If the comic strip Pogo is remembered for only one thing, it will be the phrase "We have met the enemy and he is us." But did you know that Pogo's creator Walt Kelly first used that phrase on a poster for the original Earth Day in 1970? Neither did I, but the Internet is good at unearthing obscurities like that.

What made me think of that quote in the first place, though, was a diametrical sentiment I encountered in a column on global warming by this year's recipient of the Sierra Club's David R. Brower award, Thomas Friedman.

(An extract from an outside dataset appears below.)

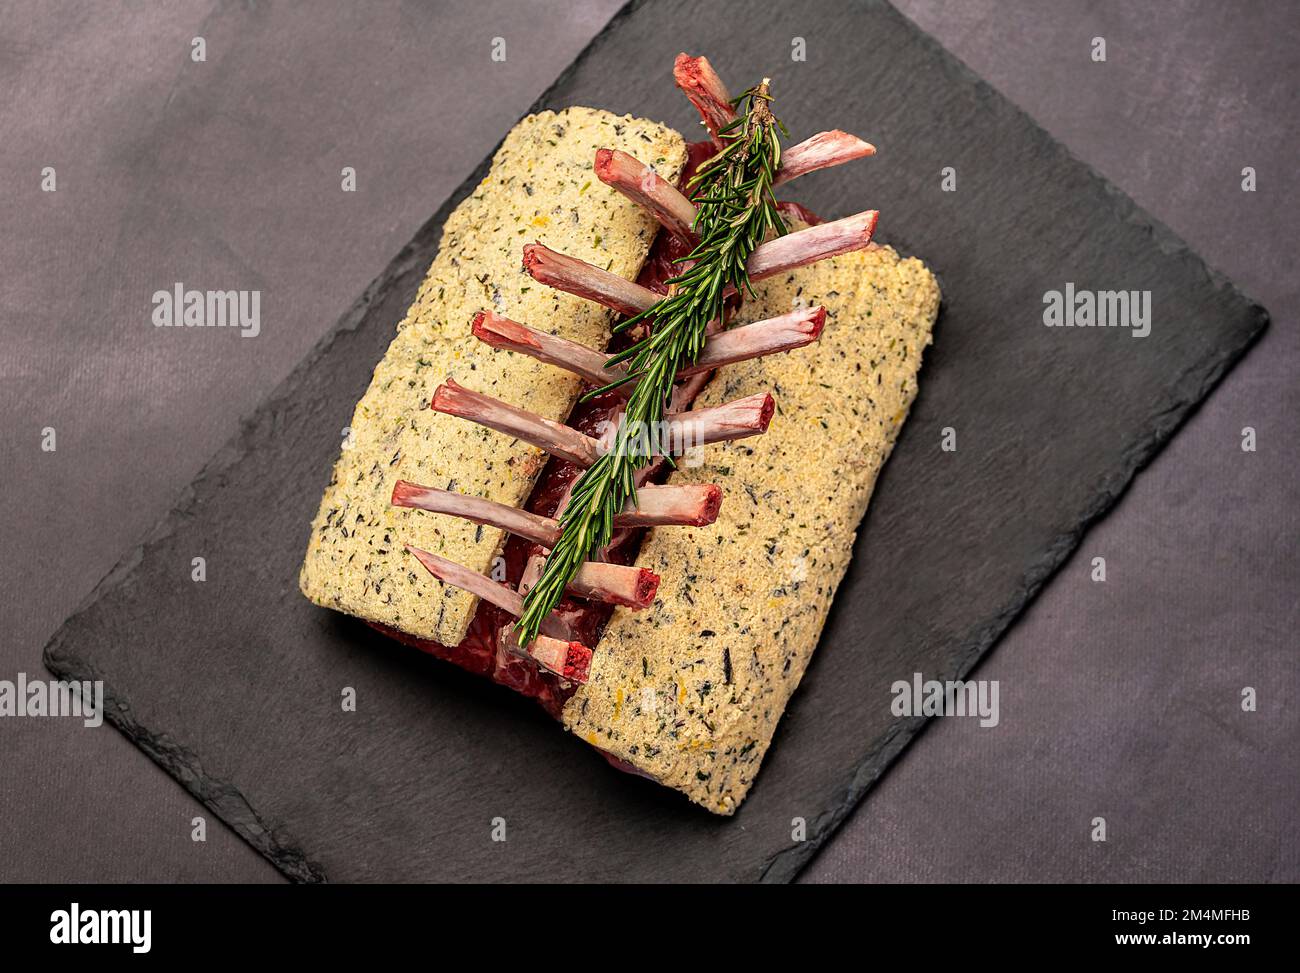 Food photography of raw lamb, fresh meat, mouton, joint, butchery, bones Stock Photo

After an ominous quote from the chairman of the Intergovernmental Panel on Climate Change, Friedman offered up two slices of hope: the Google Foundation's renewable energy initiative and the Vehicle Design Summit, which was started by some students at M.I.T. Friedman describes it as
...a global, open-source, collaborative effort, managed by M.I.T. students, that has 25 college teams around the world, including in India and China, working together to build a plug-in electric hybrid within three years. Each team contributes a different set of parts or designs. I thought writing for my college newspaper was cool. These kids are building a hyper-efficient car, which, they hope, "will demonstrate a 95 percent reduction in embodied energy, materials and toxicity from cradle to cradle to grave" and provide "200 m.p.g. energy equivalency or better." The Linux of cars!
Oh, and the quote from the students that gives Friedman (and me) hope? "We are the people we have been waiting for." Wouldn't you rather see that on a poster next Earth Day?